Up/Down arrow keys to go to the beginning of the new word, instead of selecting the entire word how it is right now.
An INSERT shortcut key. I do not have a keyboard with an INSERT key, and I need an Insert shortcut. In SublimeText I can use the CMD+Alt+o (I am using MacOS) to switch the cursor between the normal mode and the text Insert mode.
This is a nice feature!
I took a screenshot of the email from @zohozer and tried the latest feature on it.
Bugs:
I am using the latest version.
Some of the text is not detected properly.
The blue highlighted area is not detected. If I click within it, there is no response.
If I click outside it, gImageReader shows me the detected text as labels.
@zohozer
- An ability to continuously move the cursor between different fields using only the Left/Right cursor keys instead of using the TAB key to move between fields. [...]
This could be done, I'll need to check with the client.
- Possibility so select multiple words at once using the mouse cursor. [...]
This is a bit harder.
- Up/Down arrow keys to go to the beginning of the new word, instead of selecting the entire word how it is right now.
This could be done, I'll need to check with the client.
- An INSERT shortcut key. I do not have a keyboard with an INSERT key, and I need an Insert shortcut.
Can't you define such a key mapping at OS level? Would be a better place to do it rather than implement a shortcut at application level.
@raindropsfromsky
Can't you define such a key mapping at OS level? Would be a better place to do it rather than implement a shortcut at application level.
Unfortunately not. And the only software I found on Mac to support insert (overtype) mode is the SublimeText using the CMD+Alt+o shortcut. As my keyboards are missing the INSERT key, it is not possible to have any workarounds for this limitation, unfortunately. I spent a lot of time searching for other options and none of them are working.
I am attaching the image that can be used to reproduce the problem. But I think this problem has nothing to do with the image itself...
All the lines from top till middle produce tiny detected text.
Here, I selected a word from the second line, which produced tiny text:
But the very next line produces a normal font of detected text.

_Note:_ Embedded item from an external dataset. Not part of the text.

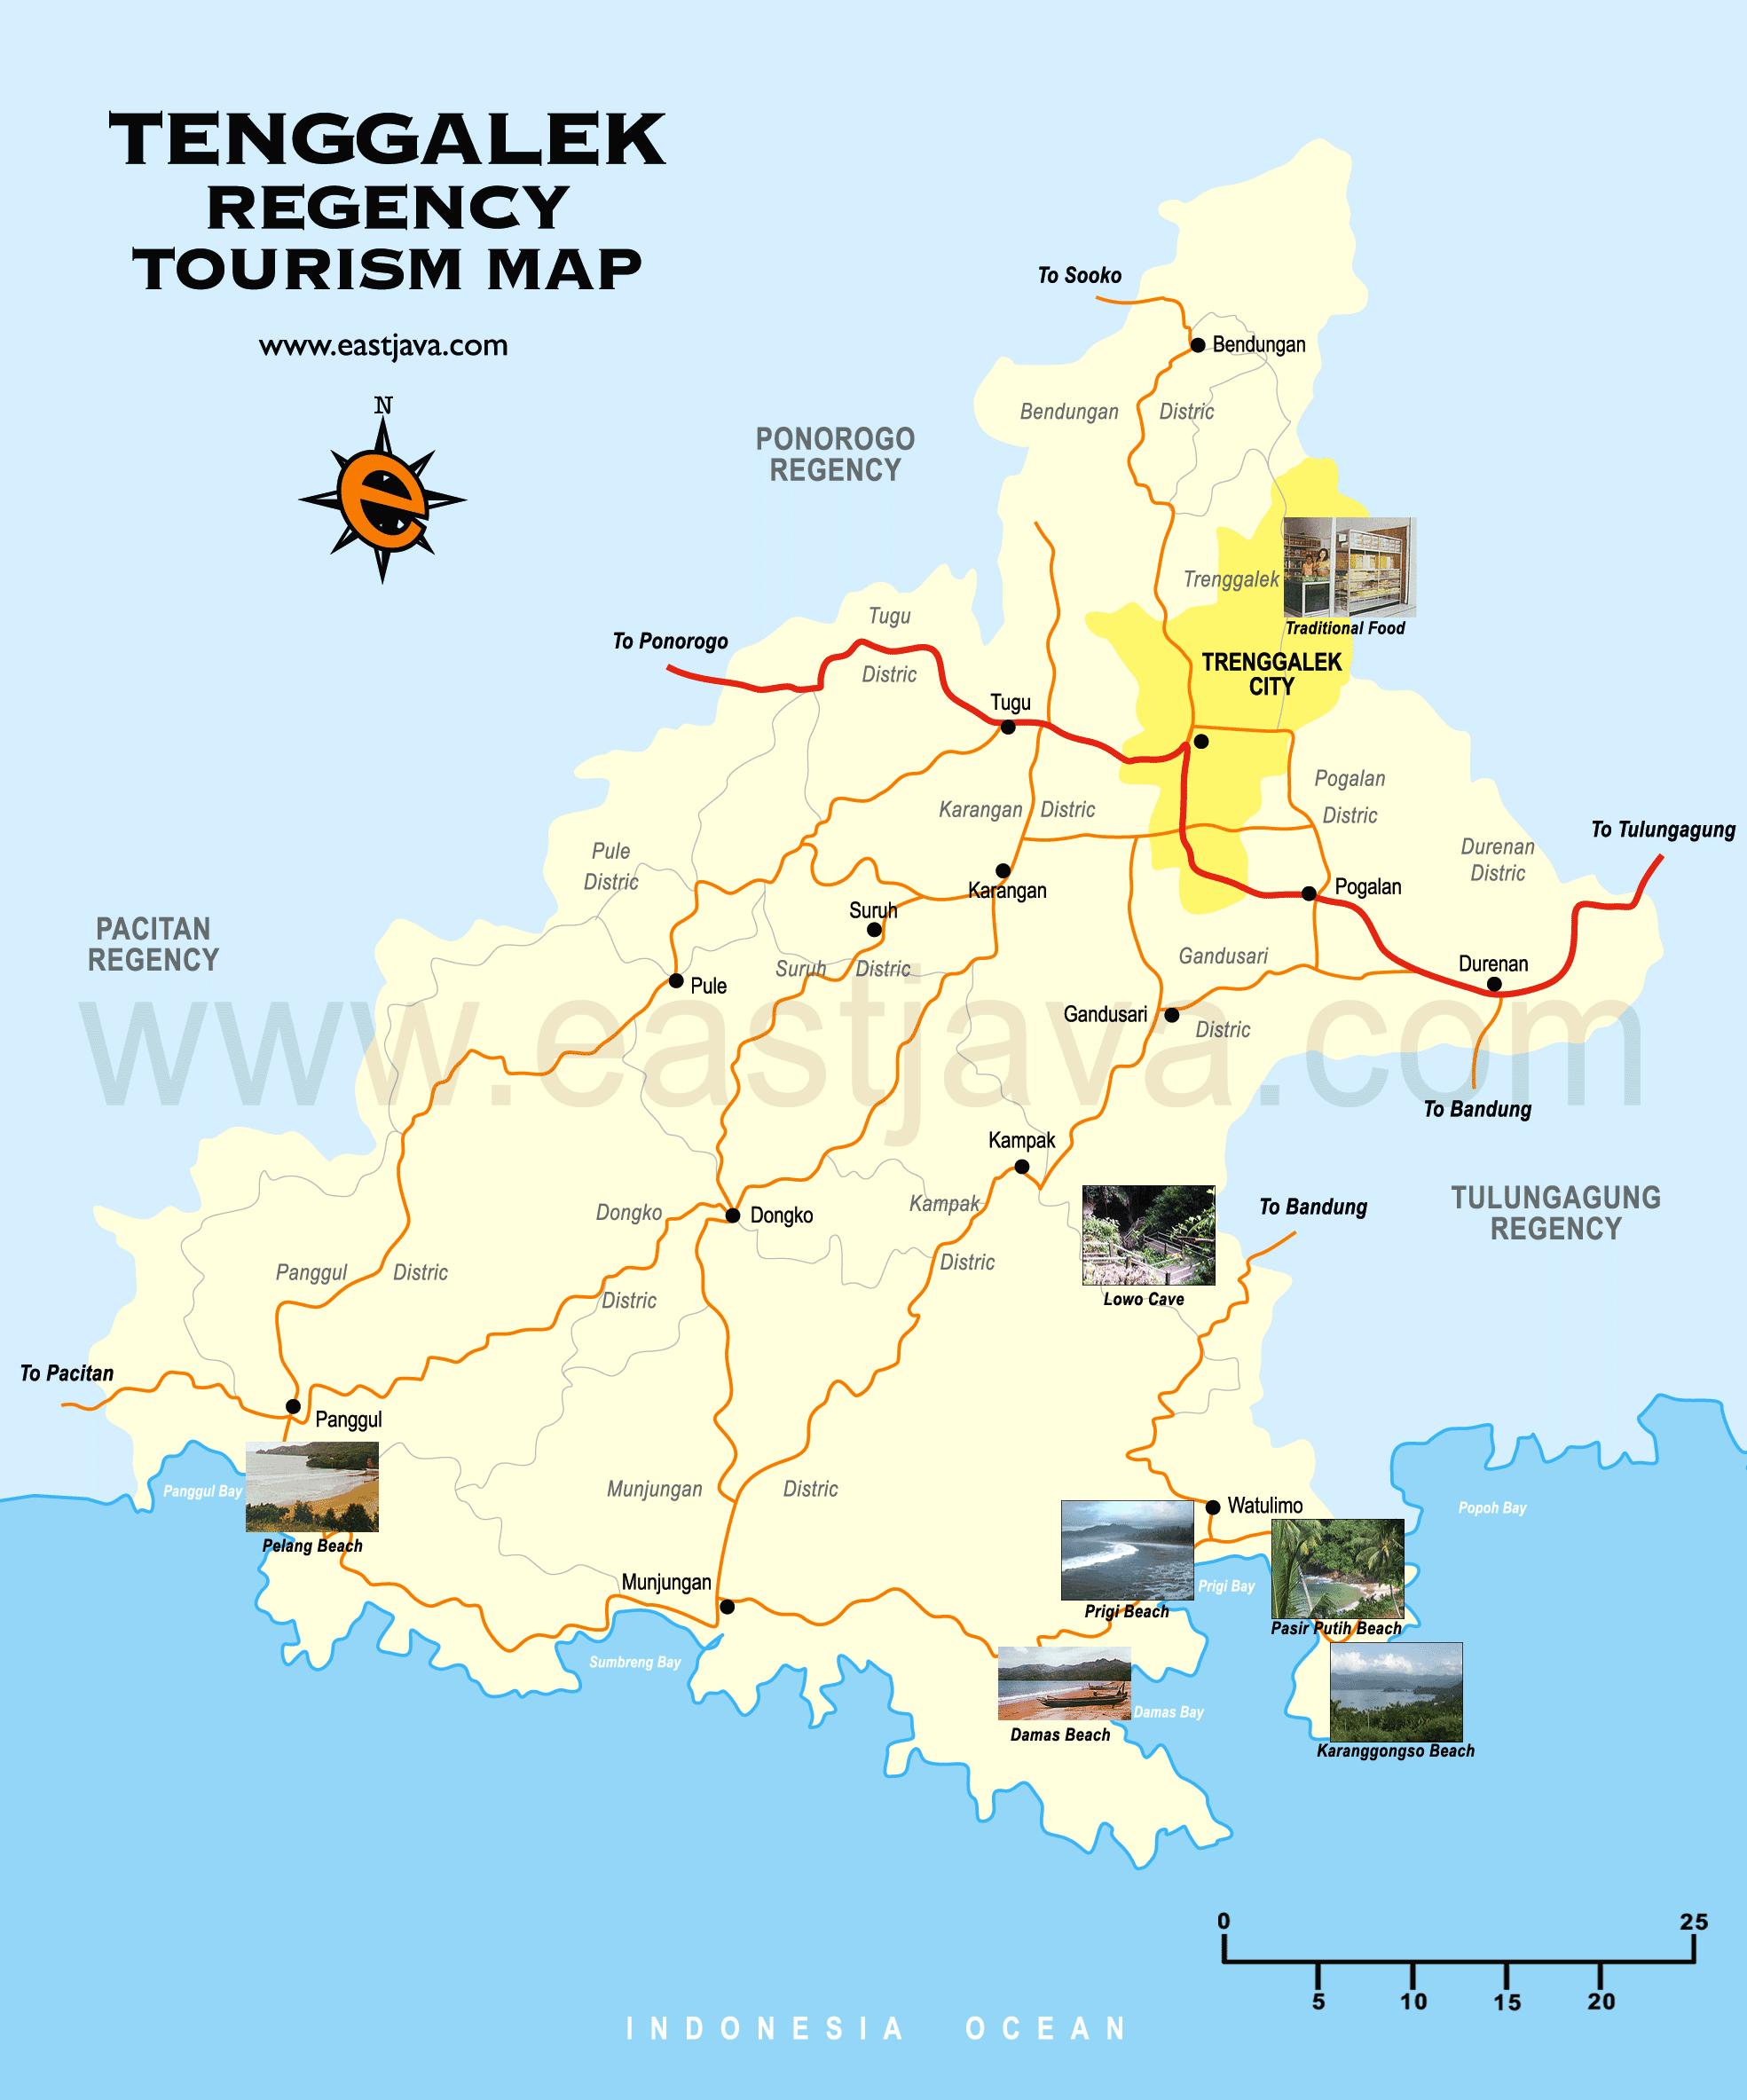 Trenggalek Map Peta Kabupaten Wisata Pantai Prigi Kab

Here's the hOCR file and image to be OCRed: Trial.zip
It's because the font size detection logic fails miserably with the I
, which is not terribly surprising... I'll need to improve that.
@raindropsfromsky https://github.com/manisandro/gImageReader/commit/dce0871d0de6202246e323b6e95199c27db7849e should address this
If the comparacope feature is implemented, all this hard work is not necessary, as the superimposed text can be directly compared with the original. Much faster and more accurate!
comparacope
What's that?
If the comparacope feature is implemented, all this hard work is not necessary, as the superimposed text can be directly compared with the original. Much faster and more accurate!
That may be the workflow you feel is best, other people have other requirements.
comparacope
What's that?
Issue #449
If the comparacope feature is implemented, all this hard work is not necessary, as the superimposed text can be directly compared with the original. Much faster and more accurate!
That may be the workflow you feel is best, other people have other requirements. Very true.
BTW there is the problem I described here also...
BTW there is the problem I described here also...
See above:
What does the hOCR tree structure show? In case, here also please share image + hOCR file.
@manisandro Nowadays multiple releases are coming up almost on a daily basis. That's great!
I'd like to support this by testing each release rapidly and reporting issues (if any). But there is a problem: I cannot guess what's the change in each release (comparing code is tedious).
Can you please include a release note with each release (a simple text file in the "Assets")?
Thanks in advance!
@raindropsfromsky Those are automated builds, not stable releases. You should pick most of the news by looking at the git commit log, usually the messages should be indicative enough.